# qcodes.instrument_drivers package¶

## qcodes.instrument_drivers.devices module¶

class qcodes.instrument_drivers.devices.VoltageDivider(v1: qcodes.instrument.parameter.Parameter, division_value: Union[int, float], name: Optional[str] = None, label: Optional[str] = None, instrument: = None)[source]

Resitive voltage divider

To be used when you use a physical voltage divider to set or get a voltage.

Initialize the voltage diveder by passing the parameter to be measured and the value of the division (which should be calibrated beforehand)

>>> vd = VoltageDivider(dac.chan0, 10)


The voltage divider acts a your original parameter, but will set the right value, and store the division_value in the metadata.

Set the value you want to set your device at 10 V

>>> vd(10)


This will set the dac.cha0 at 10*10, but upon measuring the divider the value returned is the voltage at the sample.

>>> vd()
10


To get the voltage that was actually set on the instrument:

>>> vd.get_instrument_value()
100

Parameters
• v1 – Parameter physically attached to the divider as input

• division_value – the divsion value of the divider

• label – label of this parameter, by default uses v1 label but attaches _attenuated

• name – name of this parameter, by default uses v1 name but attaches _attenuated

set_raw(value: Union[int, float])None[source]

set_raw is called to perform the actual setting of a parameter on the instrument.
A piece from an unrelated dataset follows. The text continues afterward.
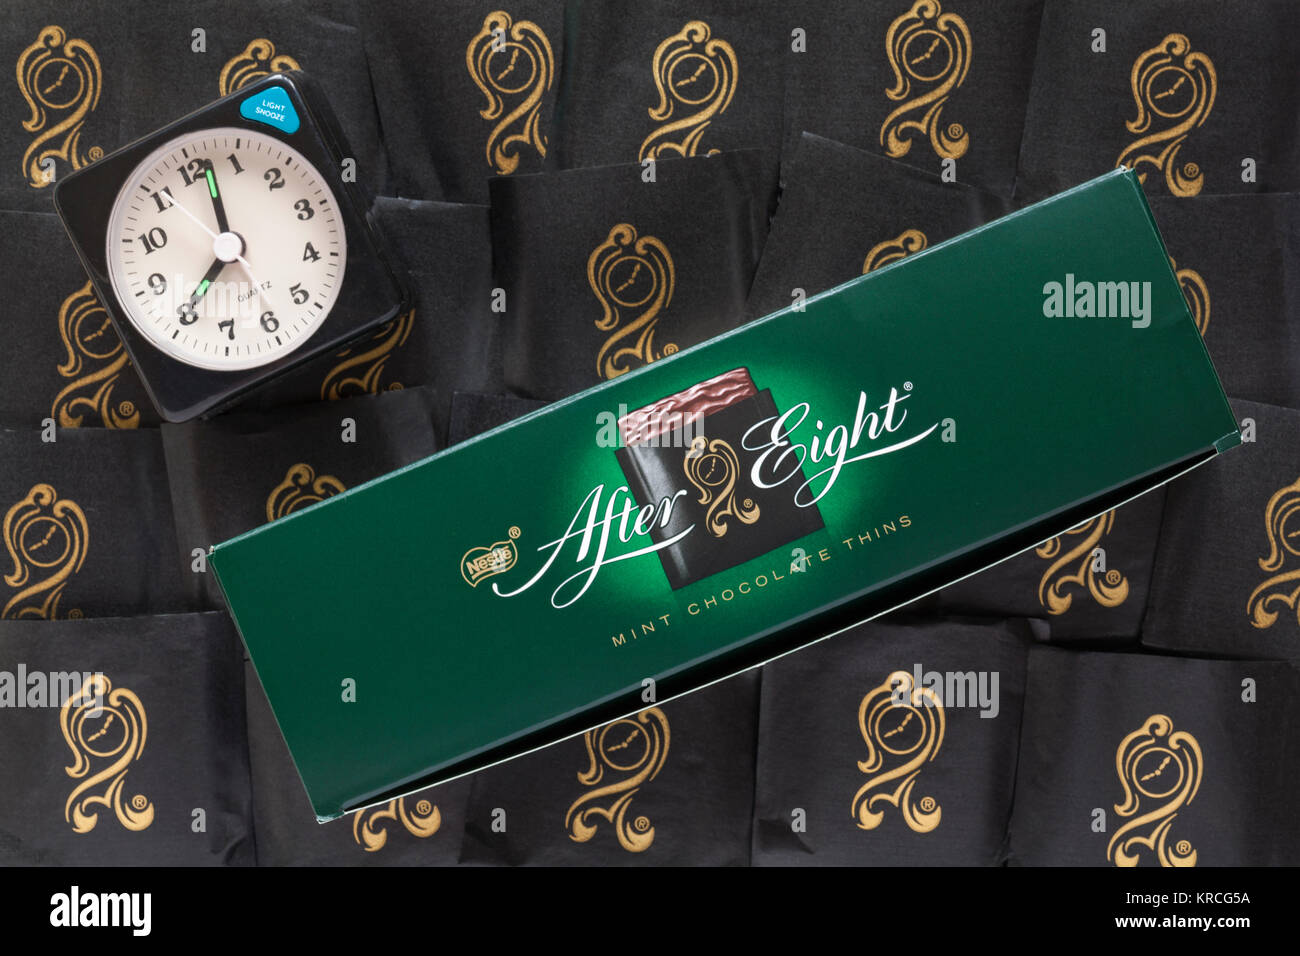 After Eight mint chocolate thins chocolates with alarm clock showing time as just past eight o'clock Stock Photo

This method should either be overwritten to perform the desired operation or alternatively for Parameter a suitable method is automatically generated if set_cmd is supplied to the parameter constructor. The method is automatically wrapped to provide a set method on the parameter instance.
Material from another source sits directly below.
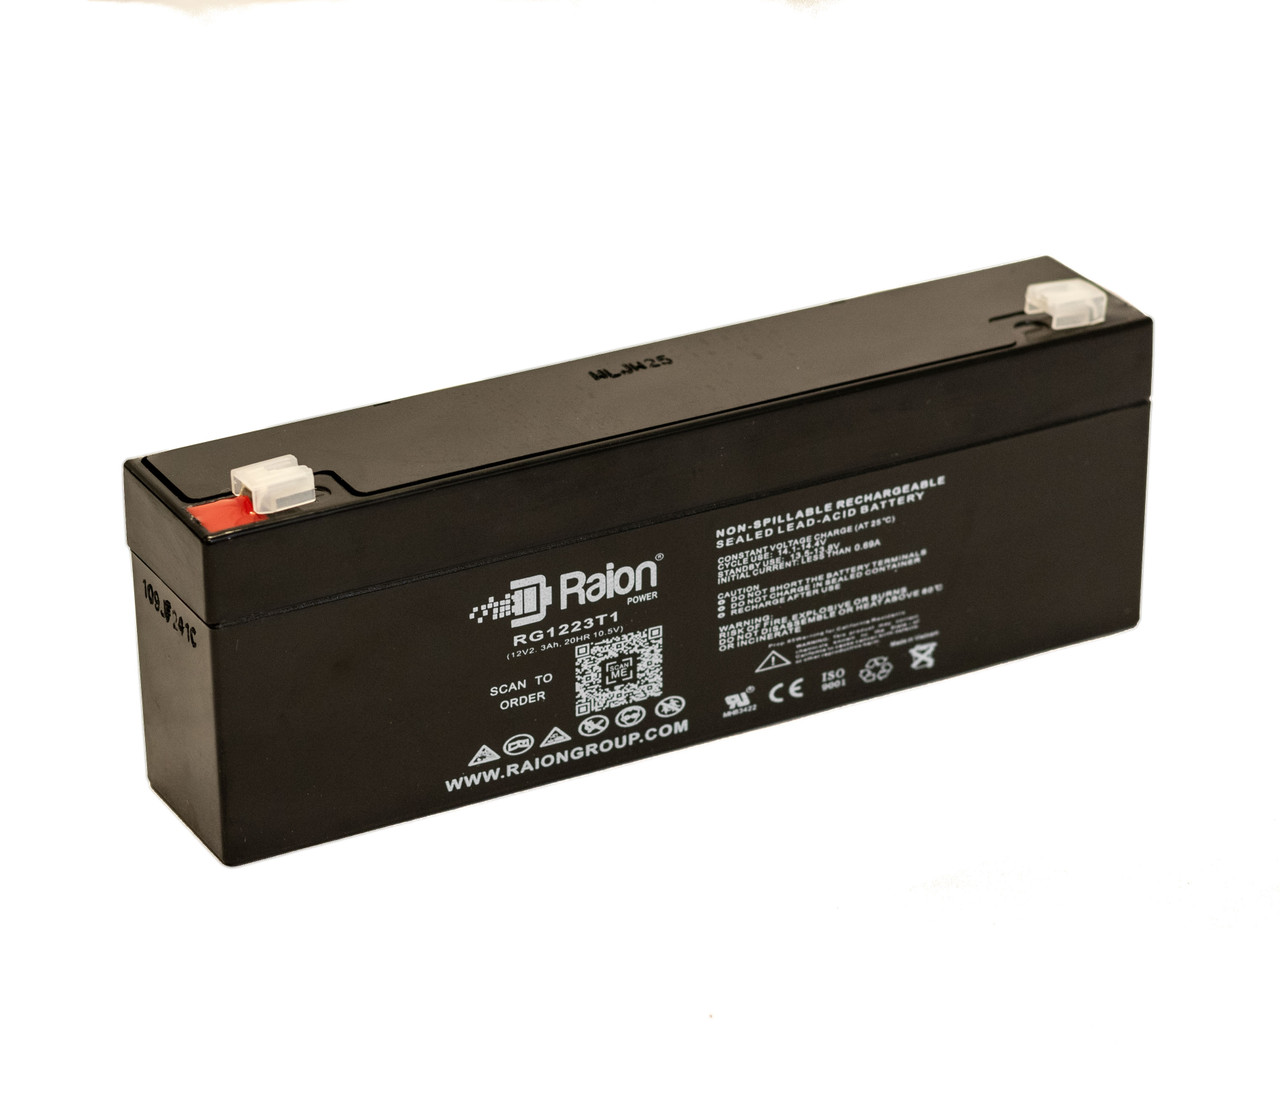 Raion Power RG1223T1 Replacement Battery for Gaston GT12-2.2

get_raw() → Union[int, float][source]
Returns

value at which was set at the sample

__getitem__(keys: Any) → qcodes.instrument.sweep_values.SweepFixedValues

Slice a Parameter to get a SweepValues object to iterate over during a sweep

__str__()str

Include the instrument name with the Parameter name if possible.

property full_name

Name of the parameter including the name of the instrument and submodule that the parameter may be bound to. The names are separated by underscores, like this: instrument_submodule_parameter.

get_instrument_value() → Union[int, float][source]
Returns

value at which the attached parameter is (i.e. does not account for the scaling)

get_ramp_values(value: Union[float, Sized], step: Optional[float] = None) → Sequence[Union[float, Sized]]

Return values to sweep from current value to target value. This method can be overridden to have a custom sweep behaviour. It can even be overridden by a generator.

Parameters
• value – target value

• step – maximum step size

Returns

List of stepped values, including target value.

property gettable

Is it allowed to call get on this parameter?

increment(value: Any)None

Increment the parameter with a value

Parameters

value – Value to be added to the parameter.

property instrument

Return the first instrument that this parameter is bound to. E.g if this is bound to a channel it will return the channel and not the instrument that the channel is bound too. Use root_instrument() to get the real instrument.

property inter_delay

Delay time between consecutive set operations. The actual time will not be shorter than this, but may be longer if the underlying set call takes longer.

Typically used in conjunction with step to create an effective ramp rate, but can also be used without a step to enforce a delay between sets.

Getter

Returns the current inter_delay.

Setter

Sets the value of the inter_delay.

Raises
load_metadata(metadata: Dict[Any, Any])None

Parameters

property name

Name of the parameter. This is identical to short_name().

property name_parts

List of the parts that make up the full name of this parameter

property post_delay

Delay time after start of set operation, for each set. The actual time will not be shorter than this, but may be longer if the underlying set call takes longer.

Typically used in conjunction with step to create an effective ramp rate, but can also be used without a step to enforce a delay after every set. One might think of post_delay as how long a set operation is supposed to take. For example, there might be an instrument that needs extra time after setting a parameter although the command for setting the parameter returns quickly.

Getter

Returns the current post_delay.

Setter

Sets the value of the post_delay.

Raises
property raw_value

Note that this property will be deprecated soon. Use cache.raw_value instead.

Represents the cached raw value of the parameter.

Getter

Returns the cached raw value of the parameter.

restore_at_exit(allow_changes: bool = True) → qcodes.instrument.parameter._SetParamContext

Use a context manager to restore the value of a parameter after a with block.

By default, the parameter value may be changed inside the block, but this can be prevented with allow_changes=False. This can be useful, for example, for debugging a complex measurement that unintentionally modifies a parameter.

Example

>>> p = Parameter("p", set_cmd=None, get_cmd=None)
>>> p.set(2)
>>> with p.restore_at_exit():
...     p.set(3)
...     print(f"value inside with block: {p.get()}")  # prints 3
>>> print(f"value after with block: {p.get()}")  # prints 2
>>> with p.restore_at_exit(allow_changes=False):
...     p.set(5)  # raises an exception

property root_instrument

Return the fundamental instrument that this parameter belongs too. E.g if the parameter is bound to a channel this will return the fundamental instrument that that channel belongs to. Use instrument() to get the channel.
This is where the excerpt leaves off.